Gold rallied in the Friday session leaving a very large bullish candlestick on the chart. We need to see a close above 1239 for us to feel more comfortable with this product. All the indicators that we follow herein are pointing to higher levels. The chart action is positive but needs to see some more follow through and a removal of the 1239 level. So long as 1167 is not removed, we will give the yellow metal the benefit of the doubt to the upside. We also would like to point out that gold has been in rally mode along with the US Dollar which tells us the rally in gold is not based on the value of the currency but rather by demand for the product. We are above the Ichimoku Clouds for the daily time-frame but remain below the clouds for both the weekly and the monthly time-frames. The 5-period exponential moving average is 1212.17. The top of the Bollinger Band is 1229.91 and the lower edge is seen at 1167.19. The uptrend line is at 1170.18. There are several horizontal lines which should be respected. These lines are 1239, a close above which will signal a possible aggressive move to the upside and 1204.20 on the downside which would signal a return to the 1176 -1170 area. The most frequently traded price in the Friday session was 1210 and the highest volume was seen at 1217.50 which had 26.8% of the day's volume. The daily 1% by 3-box point and figure chart has an old downside target of 939.95 and a newer upside target of 1358.30. We have an internal uptrend line and a downtrend line. This chart looks as though we could find support at these levels. The 60 minute 0.2% by 3-box chart is friendly with an upside target of 1235.07. We like gold but need to see better confirmation of its recent upside action.
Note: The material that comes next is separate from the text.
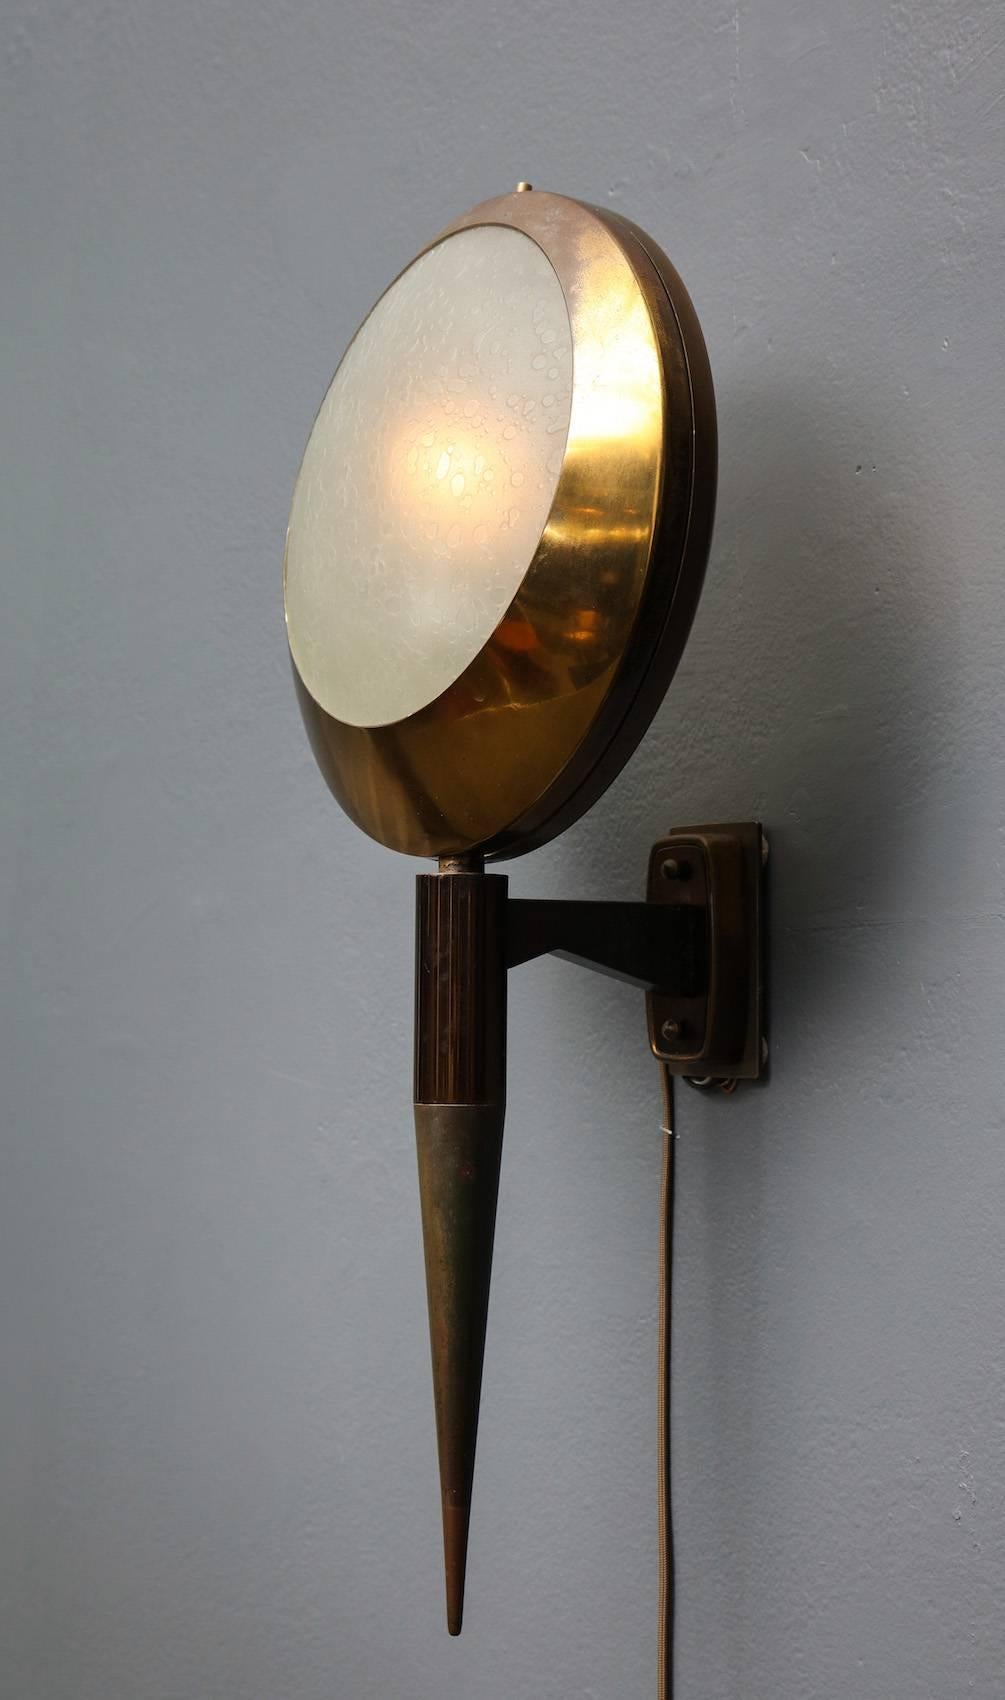 Rare pair of sconces, Model #2128 by Stilnovo.
Polished and burnished brass frames with textured, frosted glass diffuser panels on front and back. 1 standard size socket per sconce. New backplates created to conform to US J-box. Patination and

The US Dollar Index set a new 10 year high this week. You heard right, the last time the Index was at these levels, George W. Bush was just starting his second term, YouTube was in its first year of existence and Saddam Hussein was being put on trial. The Index closed the week at 92.15, pulling back after breaking the high. The Bollinger Bands are currently pointing inward with the lower band at 87.77 and the upper band at 92.87. The 5-period exponential moving average is 91.98, the 20-period simple moving average is 90.32 and the index is above both. The daily chart shows support at the 91.22 level with 90.67 below that. Both indicators that we follow are currently issuing sell signals. At these levels the Index is now in no-man's land and we need to look at a monthly chart to find where overhead resistance lies (an uncommon occurrence)! Here we can see the next point of resistance is 94.40, a ways away. The 30 minute 0.05 x 3 point and figure chart shows though the index is in an uptrend, an internal uptrend line has been broken and a countertrend internal trendline has formed. We have an activated downside target of 91.17. At this level, the index might pull back, very slightly, and may have found its new home.
Trading Futures, Options on Futures, and retail off-exchange foreign currency transactions involves substantial risk of loss and is not suitable for all investors. You should carefully consider whether trading is suitable for you in light of your circumstances, knowledge, and financial resources. You may lose all or more of your initial investment.